Today, as more budgets move to automated ad buying systems, that’s changed. Mastering programmatic is a top priority at the Star Tribune, so much so that the company is holding a conference on the topic to drive more interest. The Star Tribune is now a convert to the yield management beliefs you’ll hear preached by ad tech vendors. It goes something like this: Don’t just think about CPM. Think about your yield in different channels. Using machines is a lot cheaper than hiring people, and there are programmatic budgets from direct-response advertisers that a publisher like the Star Tribune won’t sniff if it relies on direct sales alone.
“Programmatic for me becomes a way for me to capture brand and direct-response dollars while still pushing high impact premiums that are directly sold,” Faust said. “Once upon a time, we looked at the workhorse as all we offered — leaderboard, skyscrapers. Now those opportunities are programmatic. We push direct for Rising Stars units. Ideally, programmatic would adopt scale around those ad units; the workhorses need to be put out to pasture.”
So much of the programmatic pipes have been built around inventory that’s standard, so the company did a complete re-installation six months ago of Google’s ad tech platform.
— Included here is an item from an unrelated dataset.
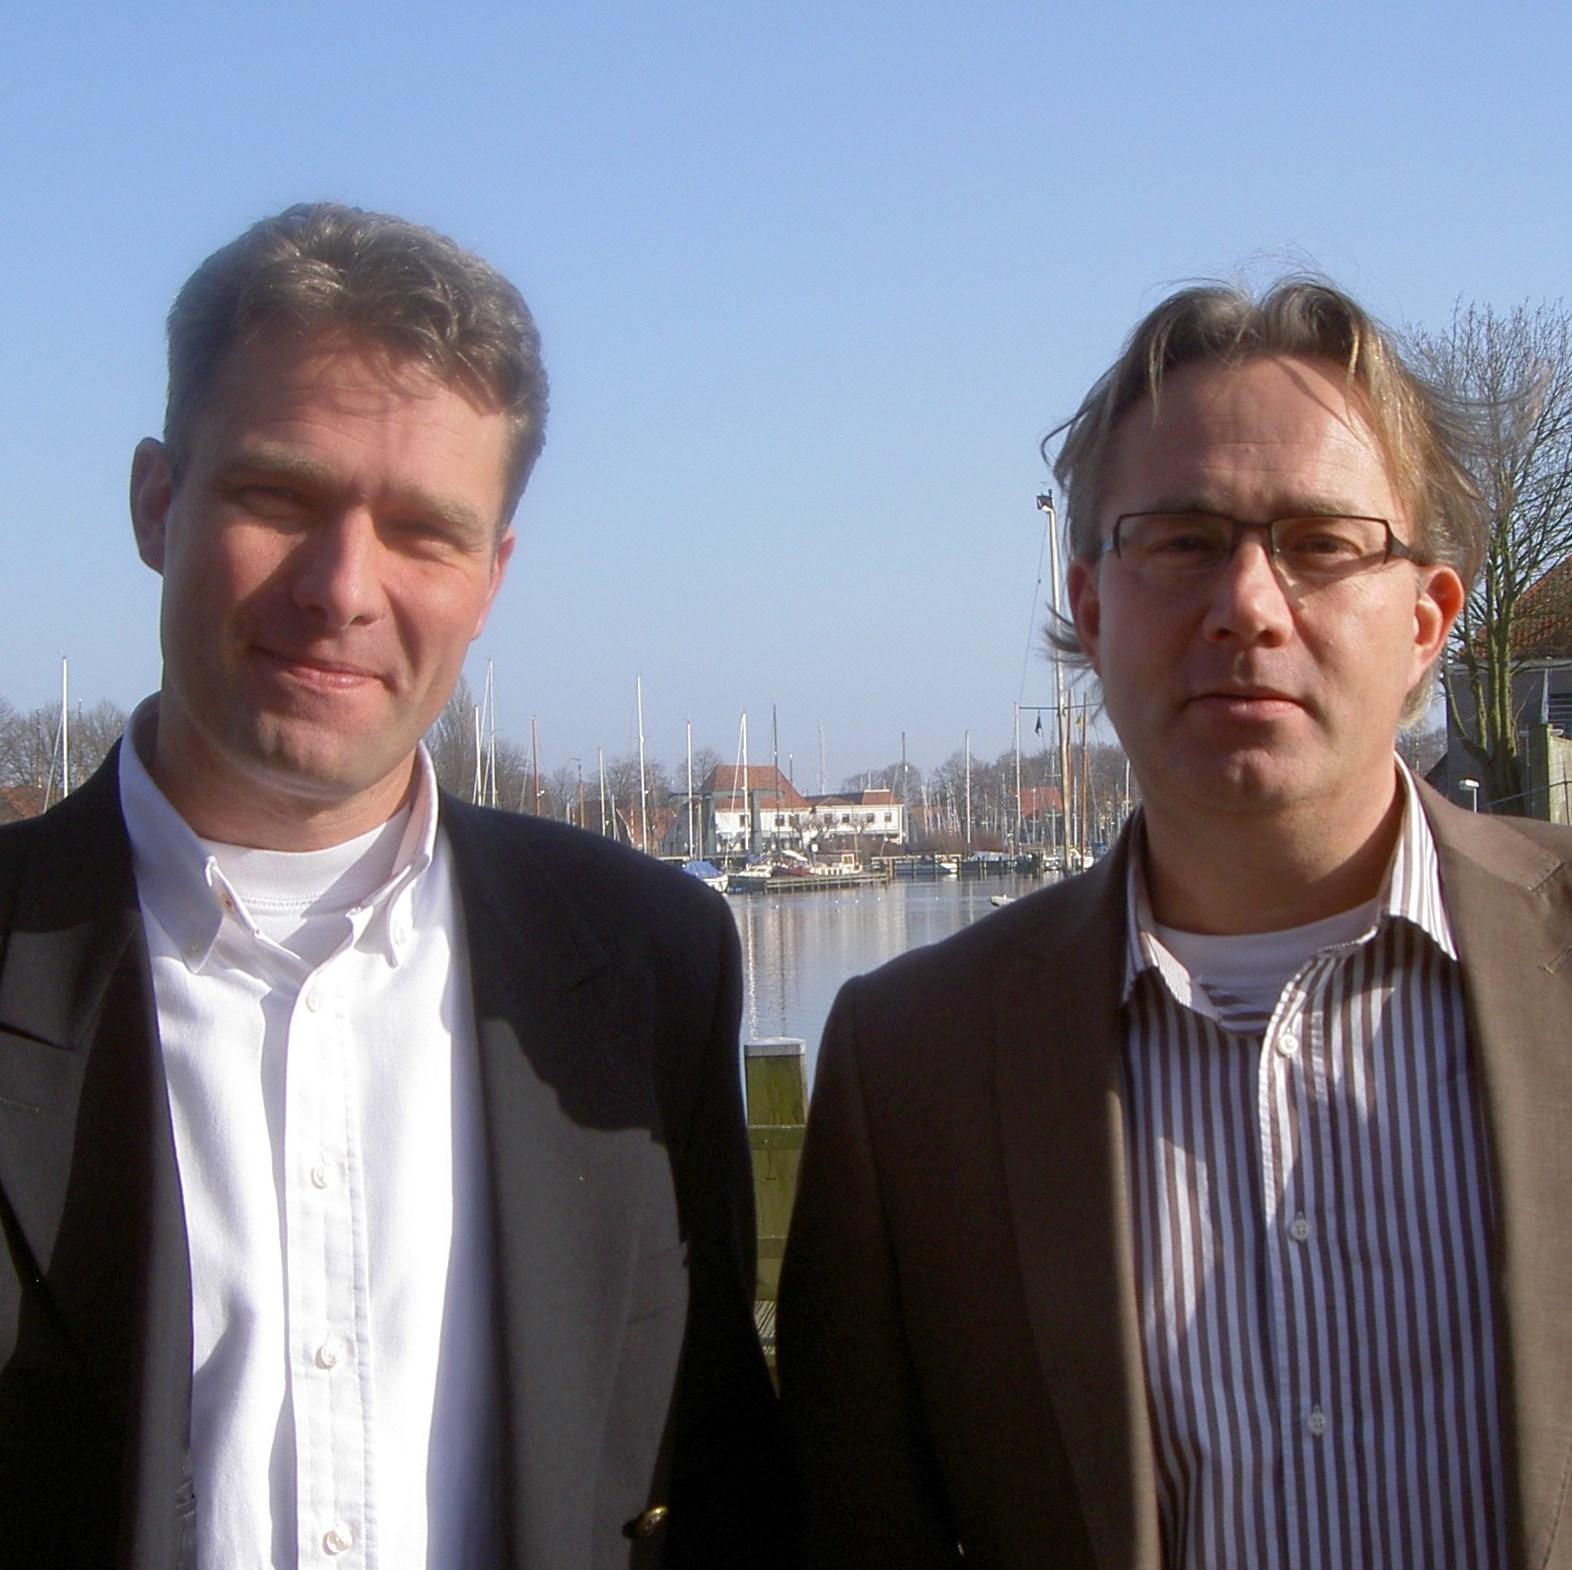 Foto van S&A Hypotheken & Financieel advies - Alkmaar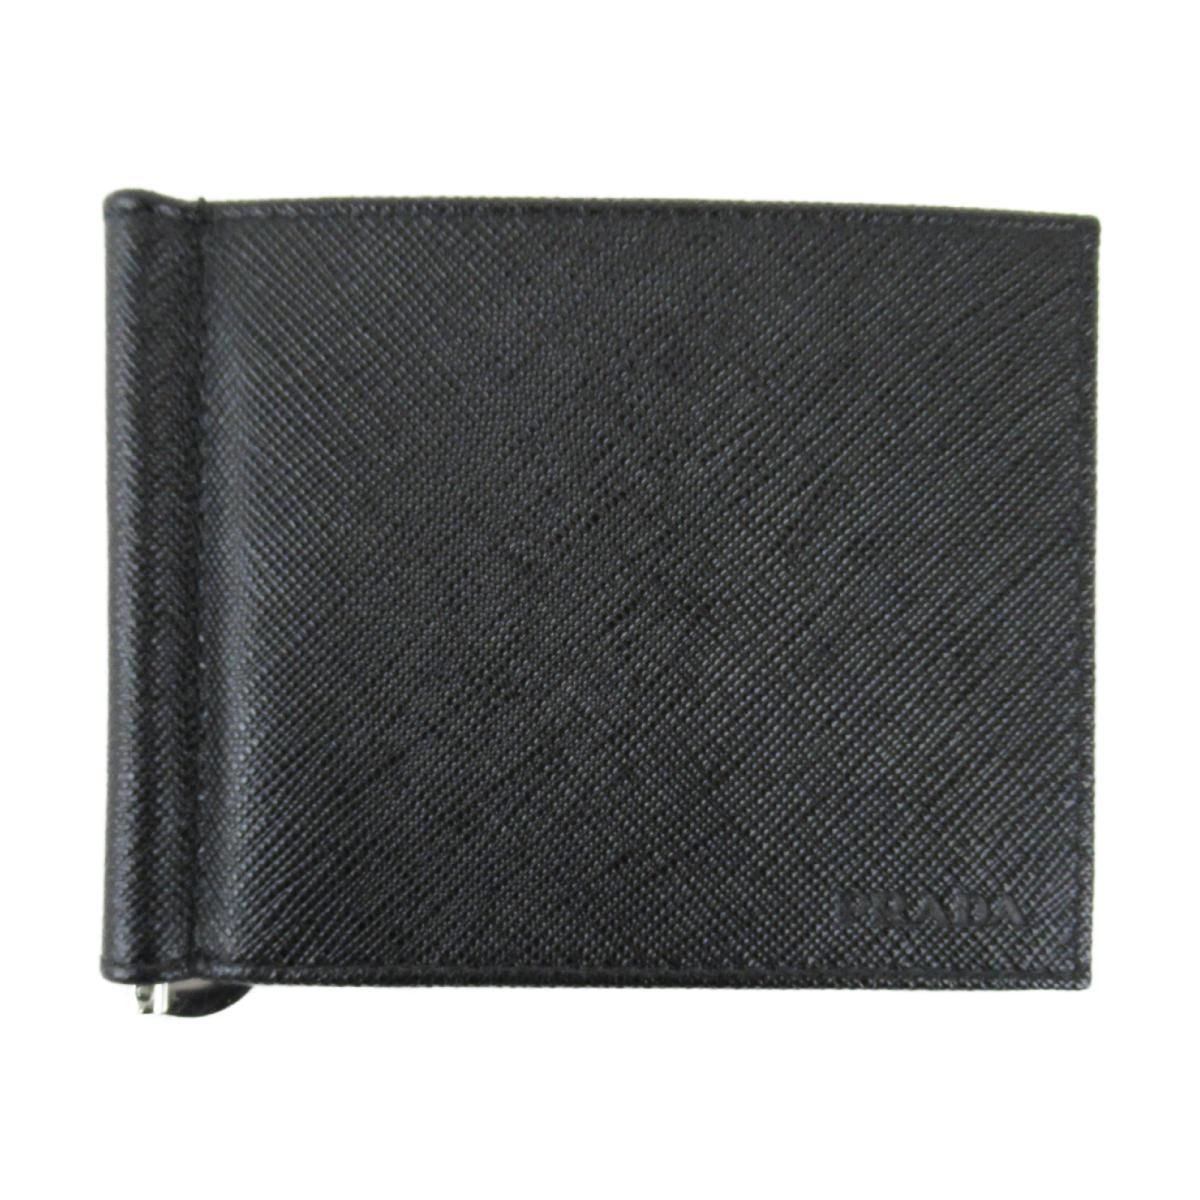 プラダ SLG サフィアーノ マネークリップ カード ケース メンズ レディース サフィアーノレザー ブラック (2MN077053F0002)   PRADA BRANDOFF ブランドオフ ブランド ブランド財布 財布 サイフ

It has complemented that with a private marketplace using The Rubicon Project.
“That [Google] re-installation was critical, as it allowed us to think of a global monetization strategy,” Faust said. “We’re not thinking about direct first, then indirect, but thinking about them simultaneously to drive overall maximum effective yield.”
That kind of talk is music to the ears of programmatic ad buying evangelists. Publishers have warily embraced the shift to automated buying. Many see it as a surefire path to total and complete commoditization. Newspapers, in particular, would appear at risk without much of a differentiated audience or data set. But there’s little doubt the ad world is moving in this direction. Buyers want to buy this way; sellers would be crazy to ignore that. The big question is how to participate in a way that benefits publishers most.
Local and regional papers like the Star Tribune have suffered a vicious cycle of declining ad revenue leading to layoffs of sales people, which means even more declines. Opening up new sales windows is an obvious way to combat this.
“The most innovative folks, like the guys at the Tribune, saw it coming and became aggressive,” Zach Coelius, CEO of Triggit. “They’re putting stuff into exchanges. They’re doing stuff in private exchanges. They’re trying to build good models for yield management. The Tribune is just really smart about programmatic.”
Programmatic has impacted the Star Tribune’s direct business, Faust said. He added that the company has seen significant revenue growth in terms of what it’s been able to drive from programmatic revenue, though he wouldn’t disclose numbers. Overall, Faust sees a net positive.
Faust said the CPM ranges from $1 to over $20, and that he’s never seen a sub-$1 winning bid. The Star Tribune is also seeing far more national brand dollars come in via programmatic than local ad dollars. This makes sense; if the company’s sellers are doing their jobs correctly, they’re placing local ads directly. The Star Tribune has floors and block lists. Floors are, said Faust, constantly changing — every day, multiple times per day — depending on demand and “what we’re seeing in terms of trends.” The outlet also manages a block that consists of its direct advertisers. “This tends to be more local in focus, or clients with a strong footprint in Minnesota,” Faust said.
“What I can take advantage of: that advertisers can run or can’t run on our site,” Faust said. “You leverage blocks when that makes sense. But at the same time, also leverage when I have as much visibility and control within whatever partner I’m using, I can bring in price floors that help me capture the maximum opportunity for whoever is trying to get their audience on my site. It’s given me more control. We know we’re living in a programmatic world. We need to get the most out of that opportunity.”